Is this a homeomorphism? Suppose you have a cartesian product of spaces $\prod_{\alpha\in\mathcal{A}}X_{\alpha}$  in the product topology. 
Choose any $\alpha\in\mathcal{A}$ . Is the following a homeomorphism of a subspace of $\prod_{\alpha\in\mathcal{A}}X_{\alpha}$  with $X_{\alpha}$? 
For each point $p_{\alpha}\in X_{\alpha}$  choose one point $(x)\in\prod_{\alpha\in\mathcal{A}}X_{\alpha}$  with $x_{\alpha}=p_{\alpha}$ . Let's call the set of all these points $P$ .

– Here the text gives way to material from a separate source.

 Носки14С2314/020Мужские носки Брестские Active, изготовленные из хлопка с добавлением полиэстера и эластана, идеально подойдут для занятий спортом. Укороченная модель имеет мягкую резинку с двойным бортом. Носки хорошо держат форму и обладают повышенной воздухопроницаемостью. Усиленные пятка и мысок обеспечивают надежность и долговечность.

Consider the projection map $\pi_{\alpha}$  restricted to $P$. It is continuous, open and one-to-one, thus a homeomorphism between $P$ and $X_{\alpha}$.

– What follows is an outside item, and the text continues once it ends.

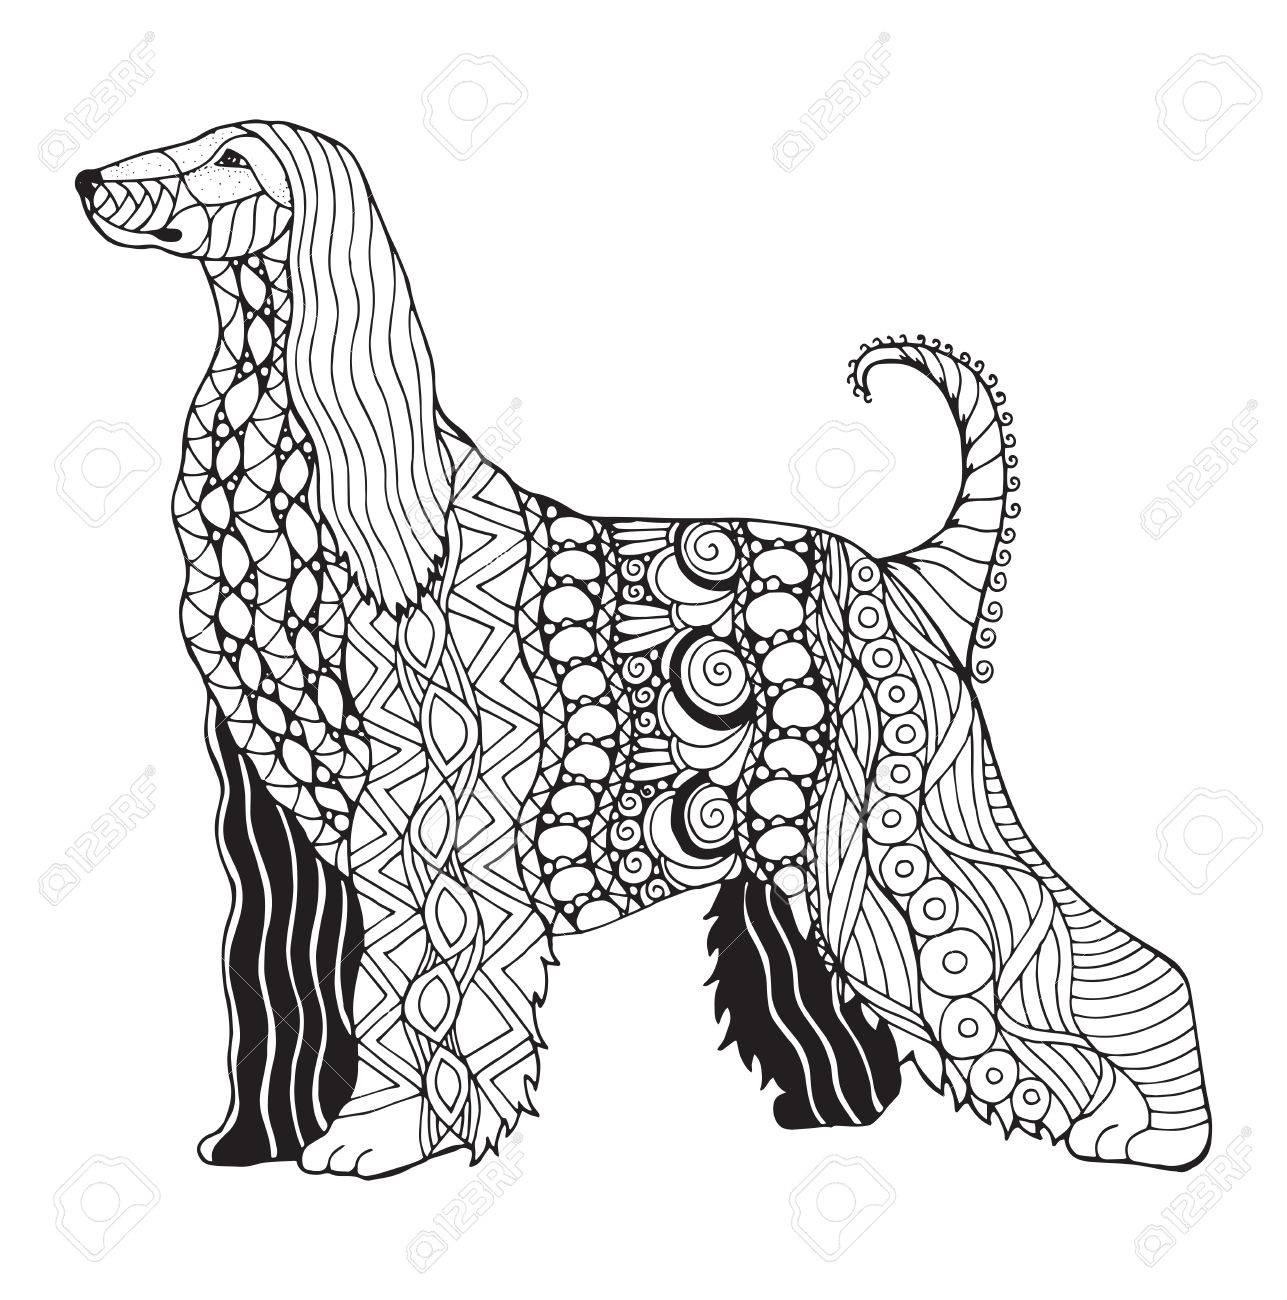 Zentangle De Chien De Chasse Afghan Stylisé Vecteur Illustration Crayon à Main Levée Modèle Art Zen Illustration Noir Et Blanche Sur Fond Blanc

 A: No, that construction will not in general give you a subspace of $X$ homeomorphic to $X_\alpha$. A simple counterexample is the graph of the function
$$f:\Bbb R\to\Bbb R:x\mapsto\begin{cases}
0,&\text{if }x<0\\
1,&\text{if }x\ge 0\;:
\end{cases}$$
it’s not connected, so it can’t be homeomorphic to $\Bbb R$. (Here $|A|=2$, and both factor spaces are $\Bbb R$.)

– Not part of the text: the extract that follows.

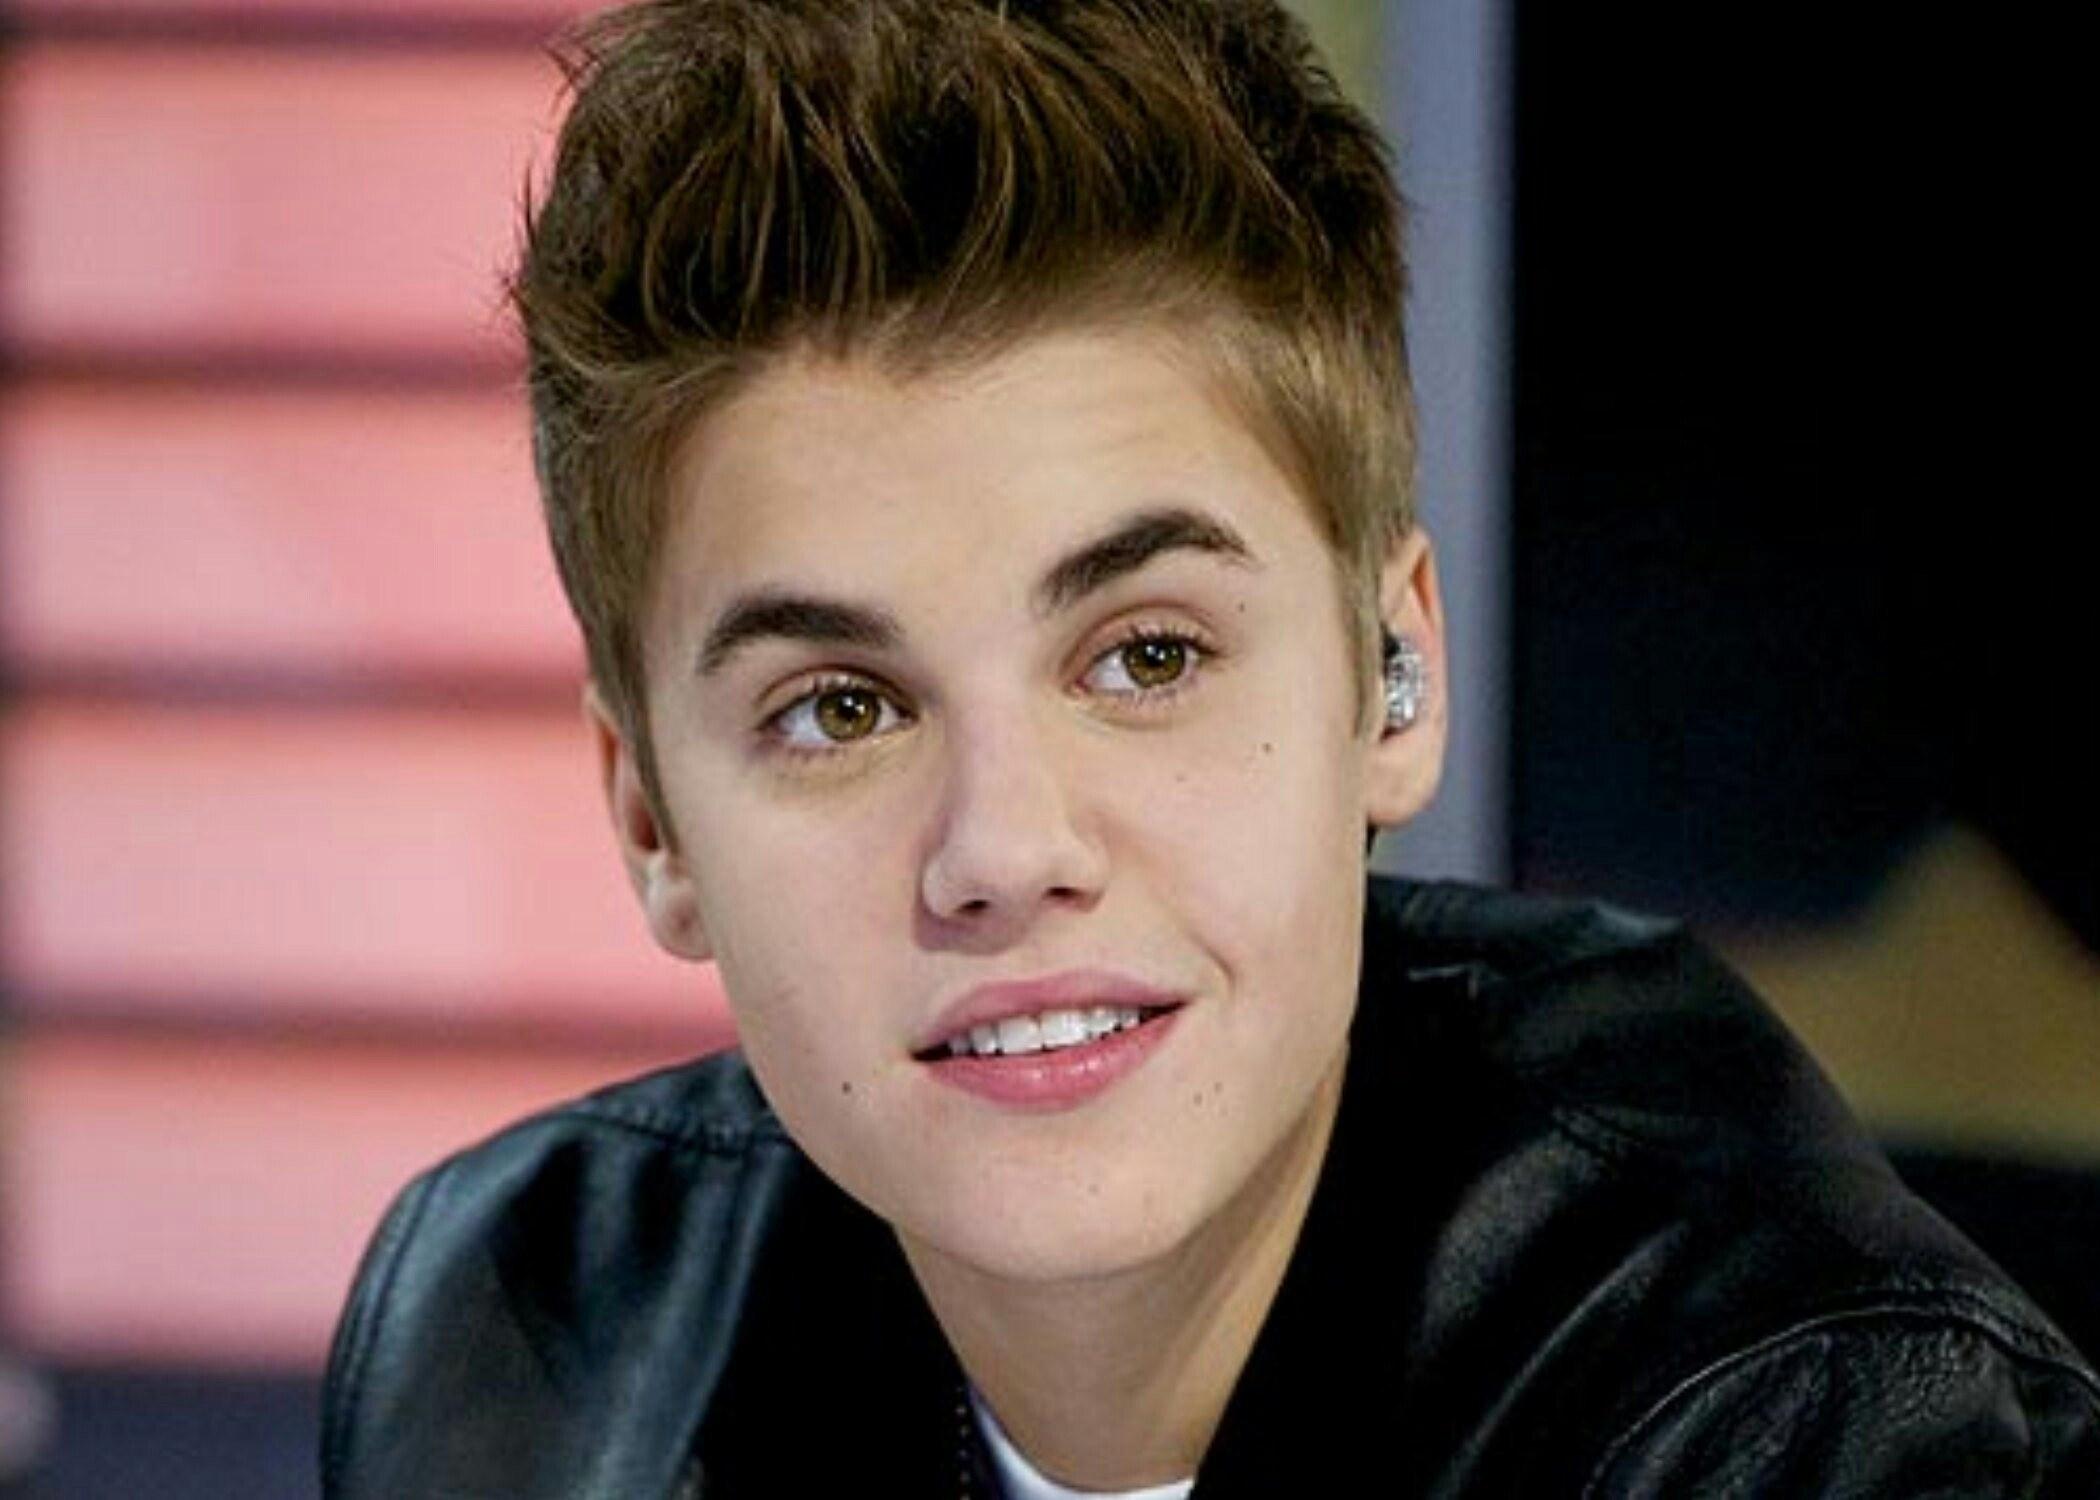 Justin Bieber frappe au visage un homme qui tente d'étrangler une femme 29

What does work is to pick any one point $x\in X$ and let
$$Y=\big\{p\in X:p_\beta=x_\beta\text{ for all }\beta\in A\setminus\{\alpha\}\big\}\;;$$ 
then $Y$ is homeomorphic to $X_\alpha$. In the case of the product $\Bbb R^2$ in the example above, for instance, this construction gives you horizontal lines and vertical lines in the plane, which are all homeomorphic to $\Bbb R$.
A: Here is a counterexample: Let $X_1=X_2=\Bbb R$. Thus $X_1\times X_2=\Bbb R^2$ with the metric topology. For $p\in X_1,\ p\ge0$ choose the pair $(p,1)$ and for $p<0$ choose $(p,0)$. Then the projection map $\pi_1$ restricted to $P$ is not a quotient map (hence not open).